Question about Mip-NeRF 360 pose process.

Question

Question about Mip-NeRF 360 pose process.

Jia-Wei-Liu opened this issue 2 years ago · 2 comments

Thanks for releasing this excellent NeRF factory! The code works very well and I just have some questions about the Mip-NeRF 360 pose process and hope you could help me understand it. Thank you very much!

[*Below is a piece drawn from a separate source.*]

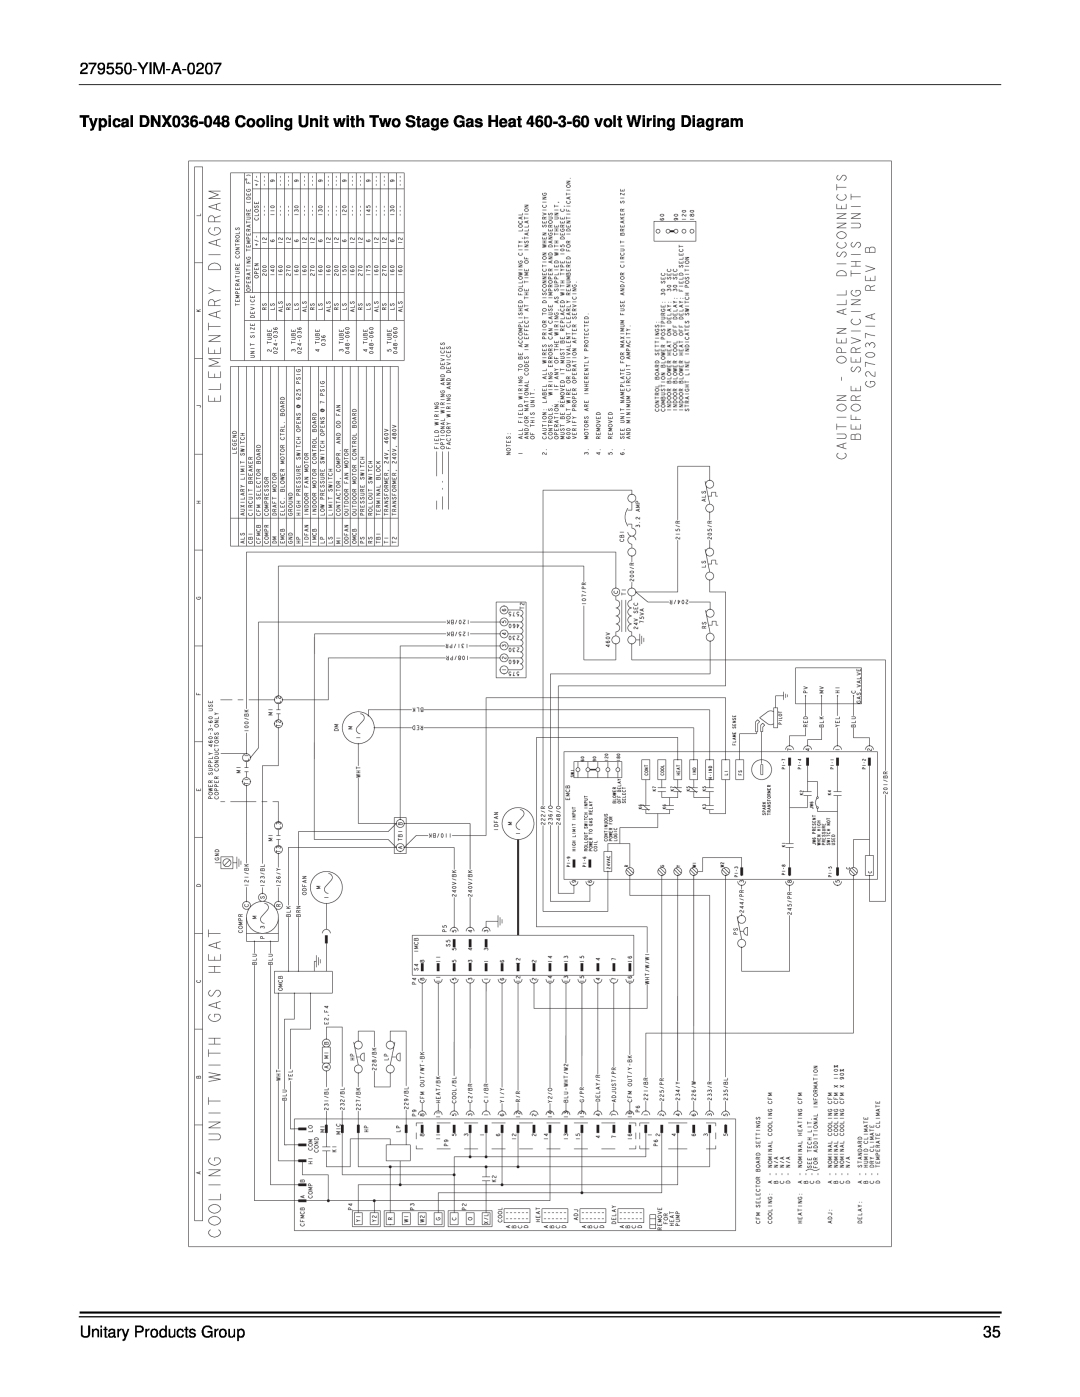 York R-410A dimensions YIM-A-0207, Unitary Products Group

I want to confirm that are you using OpenCV coordinate to train Mip-NeRF 360 data? I suppose the poses before processing is OpenGL coordinate as follows: https://github.com/kakaobrain/NeRF-Factory/blob/ce06663abe385c5cbe85fddbca8b9b5ace80dbee/src/data/data_util/nerf_360_v2.py#L365
After processing (Q2 and Q3), https://github.com/kakaobrain/NeRF-Factory/blob/ce06663abe385c5cbe85fddbca8b9b5ace80dbee/src/data/data_util/nerf_360_v2.py#L381
The coordinate is transformed to OpenCV coordinate. Is this correct? If so, since many NeRF datasets use OpenGL coordinate, why do you choose to use OpenCV coordinate instead of OpenGL coordinate?
I do not understand the function of transform_pose_llff. It seems to change some values of extrinsic matrix but I do not understand the reason to do so. Could you please help clarify this? https://github.com/kakaobrain/NeRF-Factory/blob/ce06663abe385c5cbe85fddbca8b9b5ace80dbee/src/data/data_util/nerf_360_v2.py#L337
I do not understand the function of similarity_from_cameras. I guess this function has some relation with the transform_pose_llff, but I cannot figure out its effect, as well as the the math to transform from OpenGL to OpenCV coordinate using Q2 and Q3 functions. Could you please help clarify this? https://github.com/kakaobrain/NeRF-Factory/blob/ce06663abe385c5cbe85fddbca8b9b5ace80dbee/src/data/data_util/nerf_360_v2.py#L279

Thank you very much for your help!
Best regards!

Answer 1 · 2022-11-16T07:05:06.000Z

Sorry for being late. Our team members were busy for preparing the CVPR submission.

Yes you are right. We integrated all the coordinates to OpenCV for convention. This was because many NeRF models including Plenoxels, DVGO, and more have a process that maps 3D coordinates to the voxel coordinates. In such models, they use many CUDA operations. To minimize effort rebuilding CUDA operations, we adopt the OpenCV coordinate.
This data loading process follows the implemetation from the authors of NeRF. But, as they used OpenGL coordinate, we need to manually convert their coordinates to OpenCV. Hence, we convert the poses from the coordinate from OpenGL to OpenCV.
This transformation code was first used in Plenoxels. Unlike pre-calibrated camera poses, many camera poses are not aligned so that they can be sometimes be either slant or overturned, which can harms the performance of voxel-based methods.

Answer 2 · 2022-11-16T07:06:41.000Z

Let us know if you have more questions for this. Feel free to reopen the issue.